Чу! за дверью зашумело,
Чу! кольцо в ней зазвенело;
И знакомый голос вдруг
Кличет Ольгу: «Встань, мой друг!

А за дверью — мертвый жених. Ничего хорошего.

Итак, мы приготовились к тому, что сейчас будет страшно, ну и интересно тоже. И вдруг происходит решительное изменение тональности, появляется совершенно другая интонация, как если бы вместо низкого, глуховатого фактически баса вдруг зазвенел тенорок:

Наша ветхая лачужка
И печальна и темна.
Что же ты, моя старушка,
Приумолкла у окна?
Или бури завываньем
Ты, мой друг, утомлена,
Или дремлешь под жужжаньем
Своего веретена?
Выпьем, добрая подружка
Бедной юности моей,
Выпьем с горя; где же кружка?
Сердцу будет веселей.

Опять же, не сказать, что это нечто совсем непривычное: тогда было на слуху послание Батюшкова к другу («К Петину»), с которого, в сущности, и начинается вся эта история с лачужками, хижинками, дружеским выпиванием вдали от света, спасением от всей этой пышности, от всей этой торжественности... И вот такое интимное дружеское послание:

Ах! почто же мне заране,
Друг любезный, унывать?
Вся судьба моя в стакане!
Станем пить и воспевать
(...)
Так давай в безвестной доле,
Чужды рабства и цепей,
Кое-как тянуть жизнь нашу,
Часто с горем пополам;
Наливать полнее чашу
И смеяться дуракам!

Так у нас баллада превратилась в дружеское послание, но на этом история не заканчивается. Дальше модус опять меняется, и начинается что-то очень бодрое:

Выпьем, добрая подружка
Бедной юности моей,
Выпьем с горя; где же кружка?
Сердцу будет веселей.

И тут уже совершенно справедливо Алина Сергеевна вспоминала «Вакхическую песню» самого Пушкина, хотя с ней все немного сложнее, потому что многие исследователи довольно справедливо отмечают в этом стихотворении влияние масонских застольных гимнов (вообще это важная традиция, которая определила становление русского жанра застольной песни, особенно, скажем, в дельвиговском изводе). «Вакхическая песня» — стихотворение торжественное. Но и сам Пушкин, и все его друзья, и старшее поколение — Карамзин, Дмитриев, Нелединский-Мелецкий, — все пишут застольные песни, очень веселые и очень легкие. В самом начале этой традиции стоит державинская «Кружка», это текст еще 1777 года, откуда, собственно, к Пушкину и пришла рифма «кружка — подружка».

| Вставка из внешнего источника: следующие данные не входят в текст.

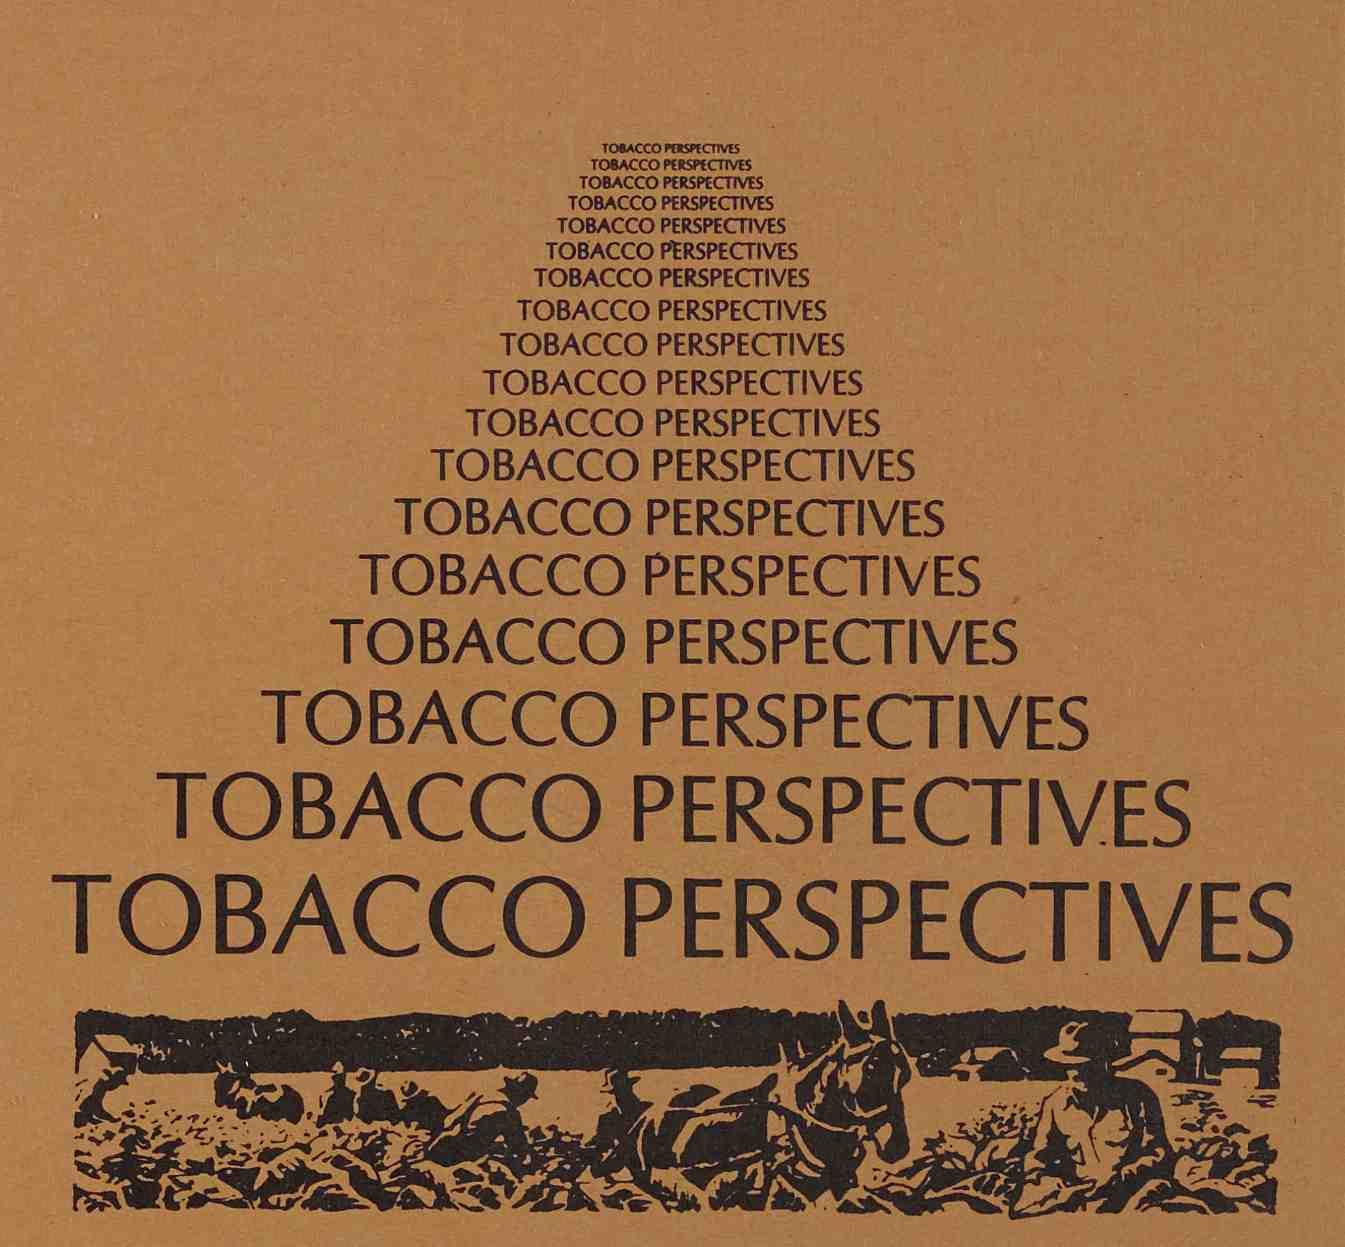 Tobacco Perspectives Brochure
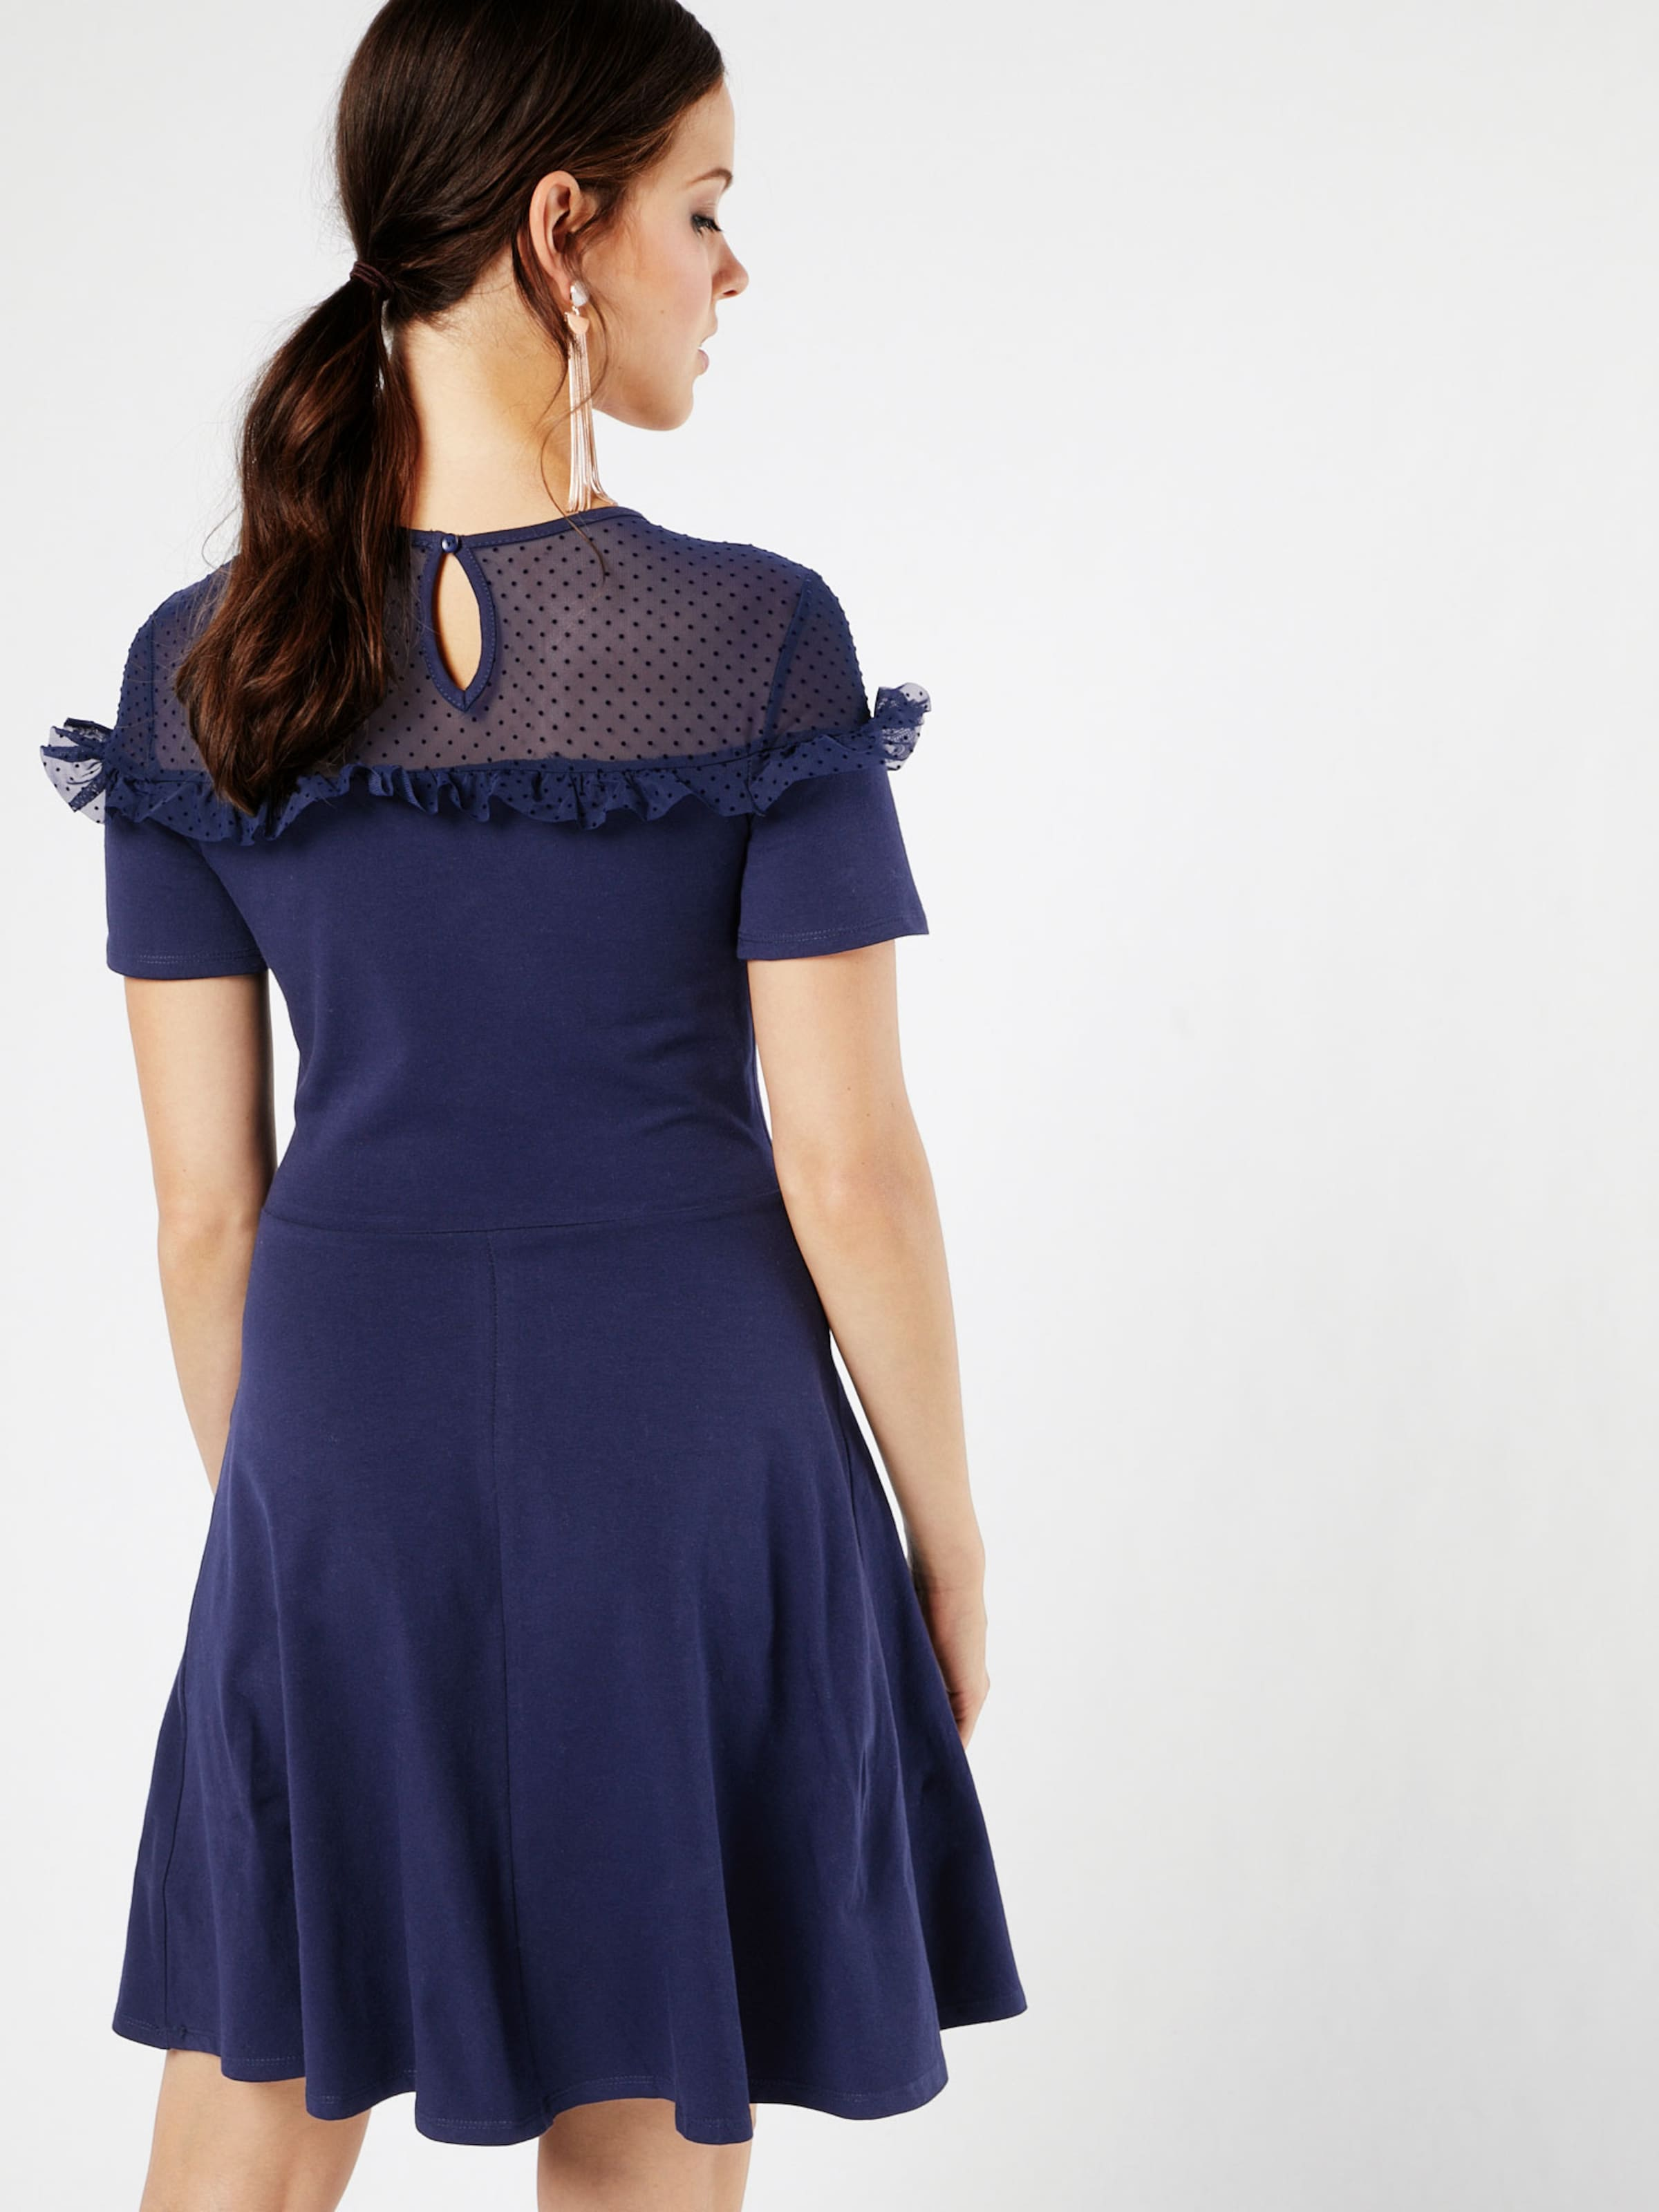 Billig Bequem Dorothy Perkins Kleid 'Dobbie' Billig Verkauf 2018 Neue 1YPLSD

У Державина мы находим претекст этой абсолютно неслыханной ситуации — выпивания с женщиной. Потому что если мы посмотрим на все застольные песни, которые написаны в эту эпоху, то там, естественно, выпивают друзья за круговой чашей. Женщины при этом могут присутствовать, они могут разливать, особенно если это шампанское, они могут — непонятно — то ли кольца бросать, то ли как-то приглядывать за этим. Но ситуация совместного употребления алкогольных напитков мужчиной и женщиной... Наверное, в жизни случалось всякое, но в поэзии такое было абсолютно недопустимым. И даже в державинской «Кружке» поэт вспоминает о том, как в старые добрые времена это еще было возможно:

В садах, бывало, средь прохлад
И жены с нами куликают,
А ныне клоб да маскерад
И жен уж с нами разлучают…

Оказывается, «куликать» и «накуликаться» — это и есть правильная форма того, о чем мы говорим «наклюкаться». Так вот, раньше можно было с женой в саду наклюкаться, а в пушкинскую эпоху это уже не принято. И он пьет с женщиной, он пьет с крестьянкой, он пьет из кружки, и в общем, скорее всего, он пьет бражку, потому что что же еще можно пить из кружки?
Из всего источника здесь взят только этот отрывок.